Just me ranting here. I really hope that some of these cellphone manufacturers decide to cut back on the amount of phones they put out each year, and focus on creating a handful of great ones. Flooding the market with unnecessary phones is just a waste. 
I love my Charge and hate that so many people rely on citizens to maintain support on developing, customizing, etc.

Sent from my SCH-I510 using RootzWiki


----------



## ZStab15 (Nov 27, 2011)

When you say quality, you mean when you drop your phone more than 2in it shatters into a million pieces? The only thing apple has done is drop quality for appearance, antennagate is a great example of a drop in quality for appearance. You could actually drop a original iPhone, now you waste your money on companies like Otterbox to make sure you don't break your phone. The only thing that makes people think iPhones are good is the image of a fruit on the back of the device.


----------



## JihadSquad (Nov 2, 2011)

ZStab15 said:


> When you say quality, you mean when you drop your phone more than 2in it shatters into a million pieces? The only thing apple has done is drop quality for appearance, antennagate is a great example of a drop in quality for appearance. You could actually drop a original iPhone, now you waste your money on companies like Otterbox to make sure you don't break your phone. The only thing that makes people think iPhones are good is the image of a fruit on the back of the device.


I am pretty sure he was talking about software updates and how they put out so few devices they can support all of them. Everybody with a brain knows that Apple prefers form over function, anyway.


----------



## ZStab15 (Nov 27, 2011)

JihadSquad said:


> I am pretty sure he was talking about software updates and how they put out so few devices they can support all of them. Everybody with a brain knows that Apple prefers form over function, anyway.


I knew that, it's just how he said apple has something right with quality. When people say that apple is so good or their stuff is quality, it makes me mad because it isn't. I also totally agree with what he is saying about to many phones, the droid charge didn't officially get GB until ICS came out.


----------



## Jborch8 (Aug 4, 2011)

JihadSquad said:


> I knew that, it's just how he said apple has something right with quality. When people say that apple is so good or their stuff is quality, it makes me mad because it isn't. I also totally agree with what he is saying about to many phones, the droid charge didn't officially get GB until ICS came out.
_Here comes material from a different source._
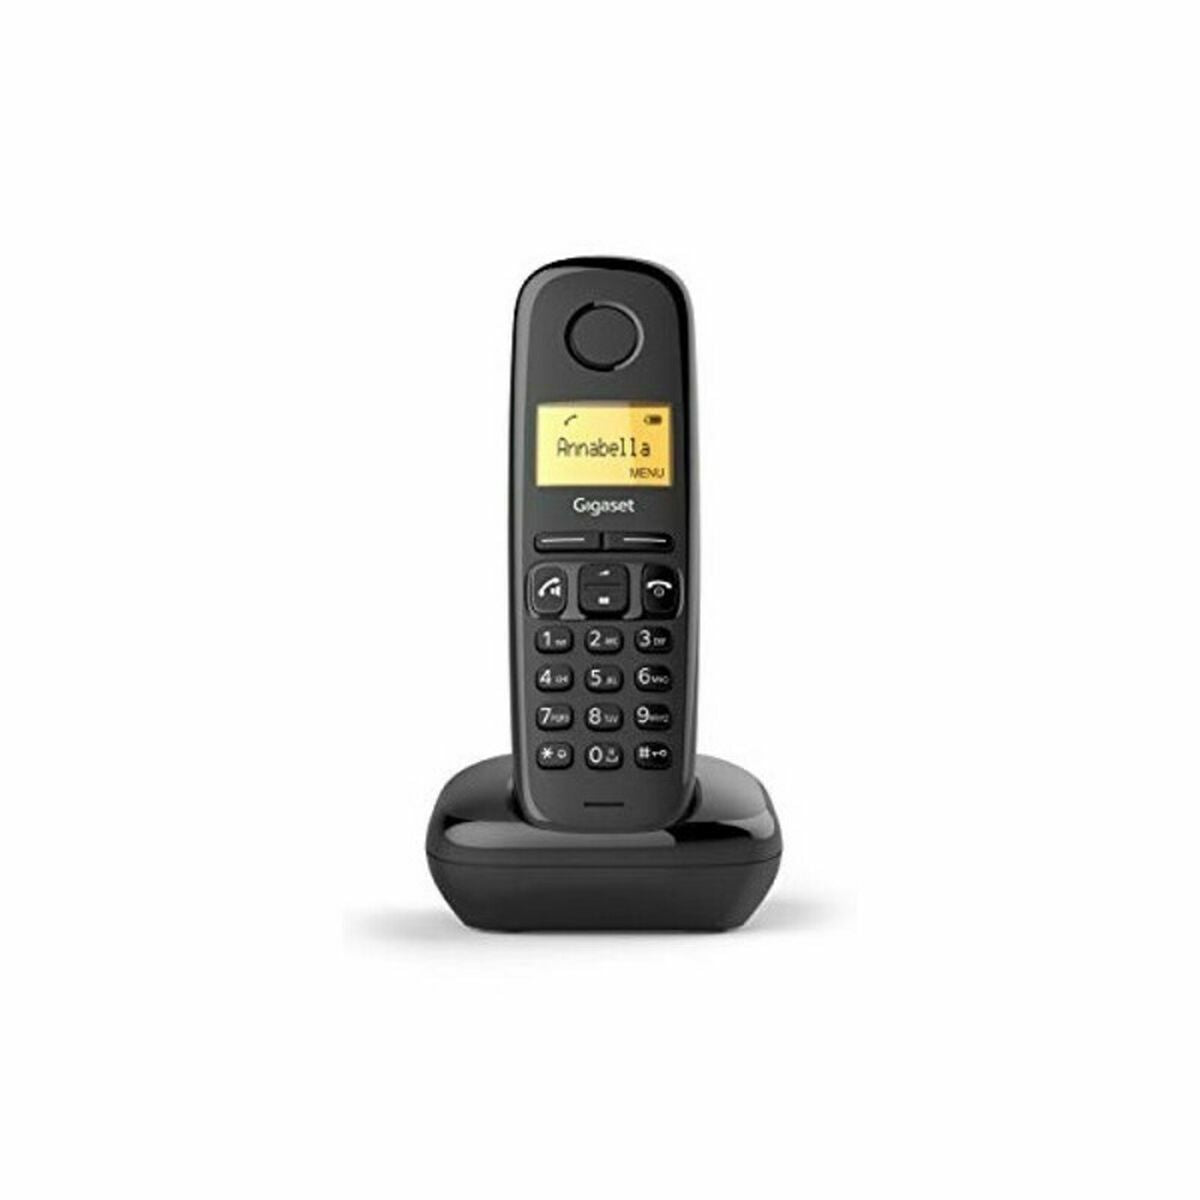 Wireless phone Gigaset S30852-H2812-D202 Wireless 1.5 "white

To say their products aren't good is nieve. Apple has created some of the biggest building blocks for phone companies (not just phones) today. Many manufactures try to mimic the functionally of Apple products, but fail, only to make up for it in design and durability. I personally don't think Apple can be beat when it comes down to function, consistently.
Sent from my SCH-I510 using RootzWiki


----------



## Falcyn (Aug 9, 2011)

The fact of the matter is, the iPhone *always *leads reliability and consumer satisfaction rankings by a significant margin. You simply cannot say the iPhone is not a quality device, because that is how you measure quality.

Samsung, incidentally, makes by far the least reliable phones. The reason many of us own Charges is because our Fascinates had a (software) call reception bug that was so severe Verizon and Samsung agreed to exchange phones under warranty rather than make people wait for the bug fix.


----------



## DirgeExtinction (Aug 18, 2011)

Falcyn said:


> The fact of the matter is, the iPhone *always *leads reliability and consumer satisfaction rankings by a significant margin. You simply cannot say the iPhone is not a quality device, because that is how you measure quality.
> 
> Samsung, incidentally, makes by far the least reliable phones. The reason many of us own Charges is because our Fascinates had a (software) call reception bug that was so severe Verizon and Samsung agreed to exchange phones under warranty rather than make people wait for the bug fix.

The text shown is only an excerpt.